*WHAT YOU HAVE TO DO*.
From the first line to the last, return the data exactly, with no pictures.

*GIVEN MATERIAL*.
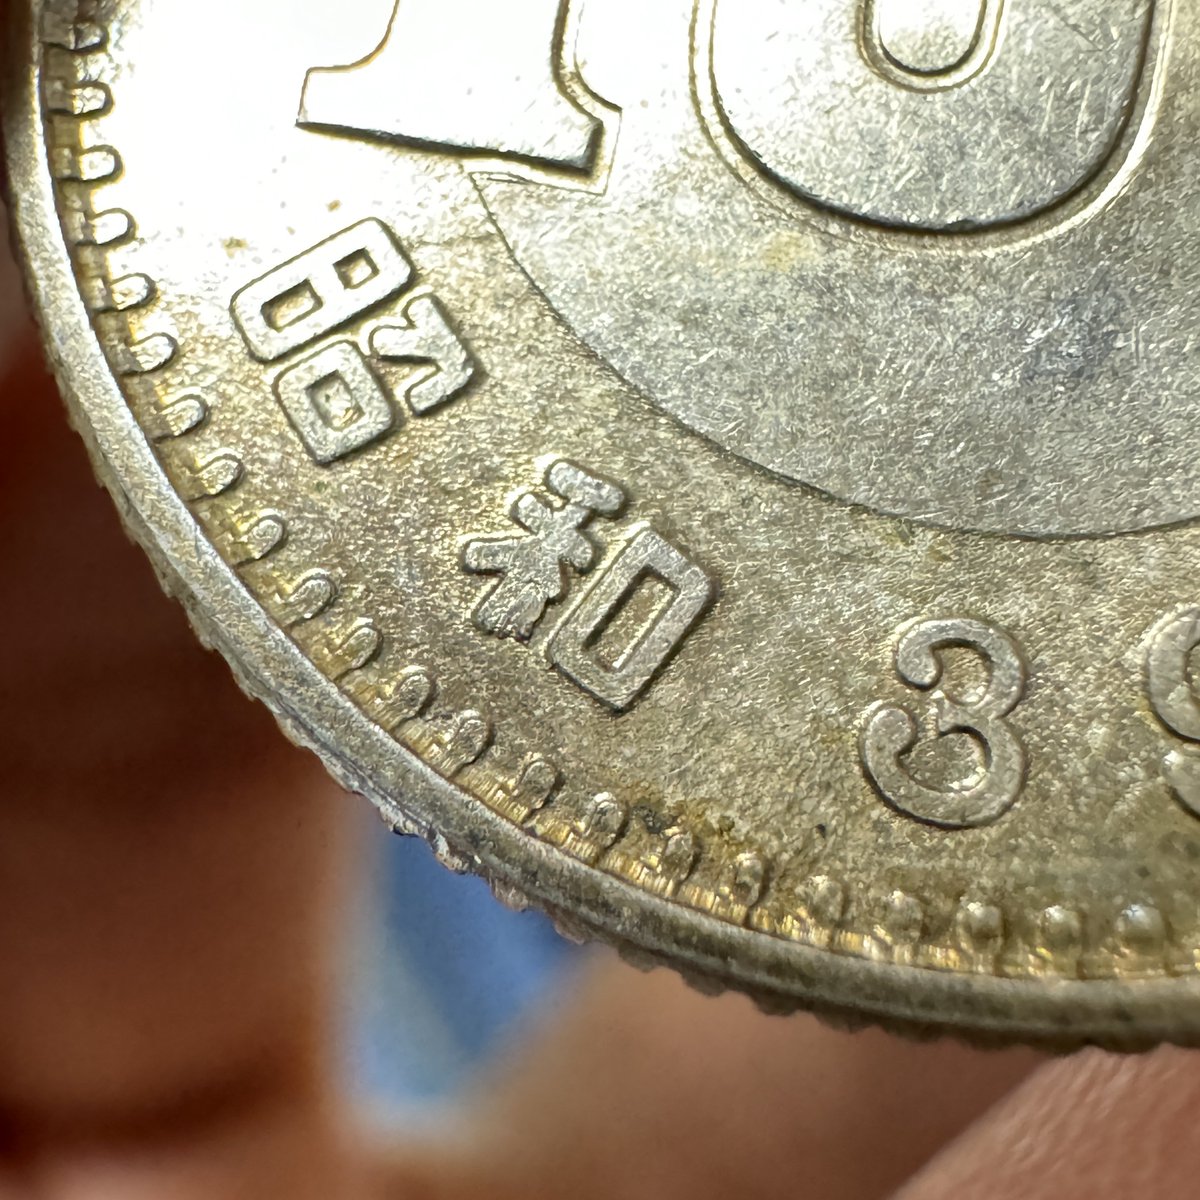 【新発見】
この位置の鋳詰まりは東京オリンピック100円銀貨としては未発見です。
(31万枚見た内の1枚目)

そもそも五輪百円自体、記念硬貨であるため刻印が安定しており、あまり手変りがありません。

*ANSWER TO THIS EXERCISE*.
 【新発見】
この位置の鋳詰まりは東京オリンピック100円銀貨としては未発見です。
(31万枚見た内の1枚目)

そもそも五輪百円自体、記念硬貨であるため刻印が安定しており、あまり手変りがありません。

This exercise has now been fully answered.